Oct 2, 2026 | 5 minutes
“We went from having data to actually using it”: Make helps Bemol deliver a small-business care on enterprise scale
For Bemol, real customer signals had been lost in thousands of collection calls and text replies. Here's how two AI agents built with Make turned idle data into a live feedback loop that caught issues and reduced churn.

Bemol, a leading Brazilian retail company with 5,500+ employees, has a dedicated collections team that follows up with customers who fall behind on installment payments. They collect thousands of call recordings and text replies where customers share their problems. These conversations are full of real customer signals and opportunities to improve the customer experience.
But with a volume of data that high, much of it never got to the people at Bemol who could act on it. Customer complaints often disappeared in the sea of data. Warranty issues stayed hidden from the responsible team. Leading to loyal customers churning.
Nelson Manfre, Senior Collection Analyst on Bemol's Collections Strategy Team, helped change that. Using Make, together with Whisper AI and ChatGPT, he built a set of two AI agents.

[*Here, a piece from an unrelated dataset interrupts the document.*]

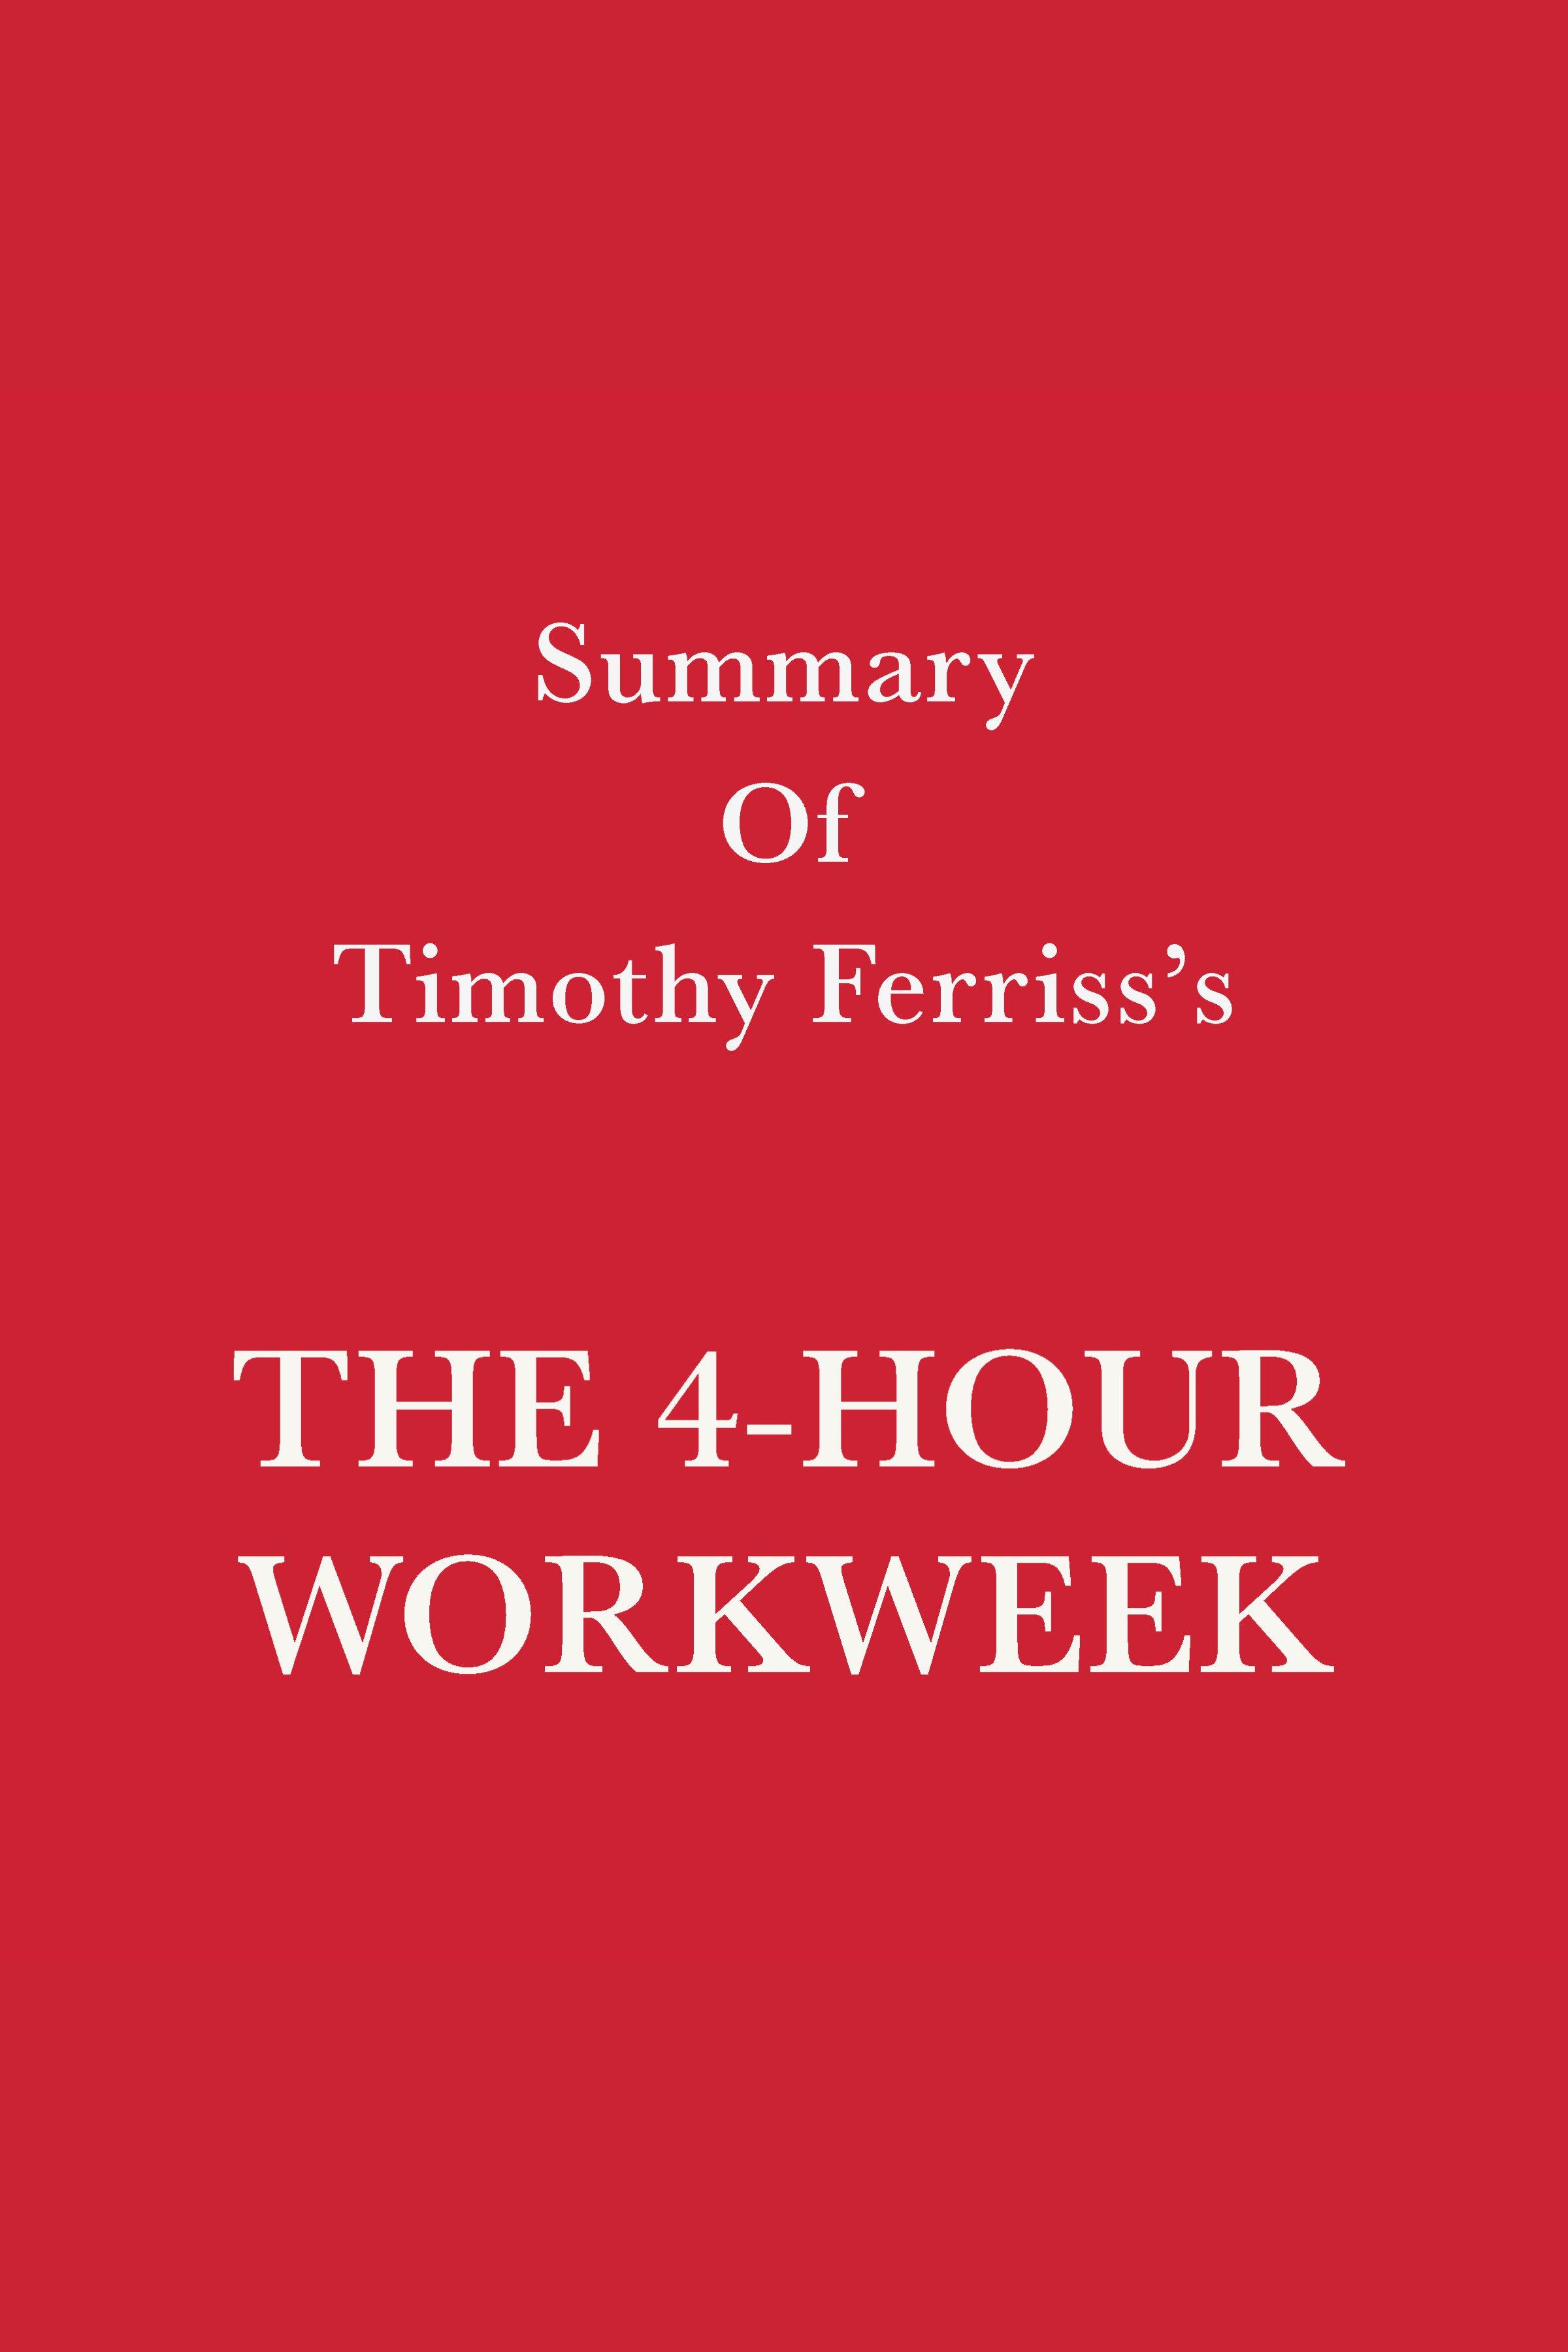 Esta es la portada del audiolibro Summary of Timothy Ferriss's The 4-Hour Workweek

The first one listens to collection calls and routes anything actionable, like a customer mentioning a product defect, straight to the team that should handle it. The second AI agent reads every reply to Bemol's automated payment texts and flags the ones that need a human response. Together, these agents transformed idle data sources into a live feedback loop that reduced churn.
Ever since, Nelson has repeated this approach when he sees a problem: he builds an automation himself, proves it works, and embeds it in how the team works. The engineering team is no longer required for his team to solve problems; they build by themselves.
"The big-picture win? We went from having data to actually using it, and that shift is generating value in ways we hadn't even planned for when we started."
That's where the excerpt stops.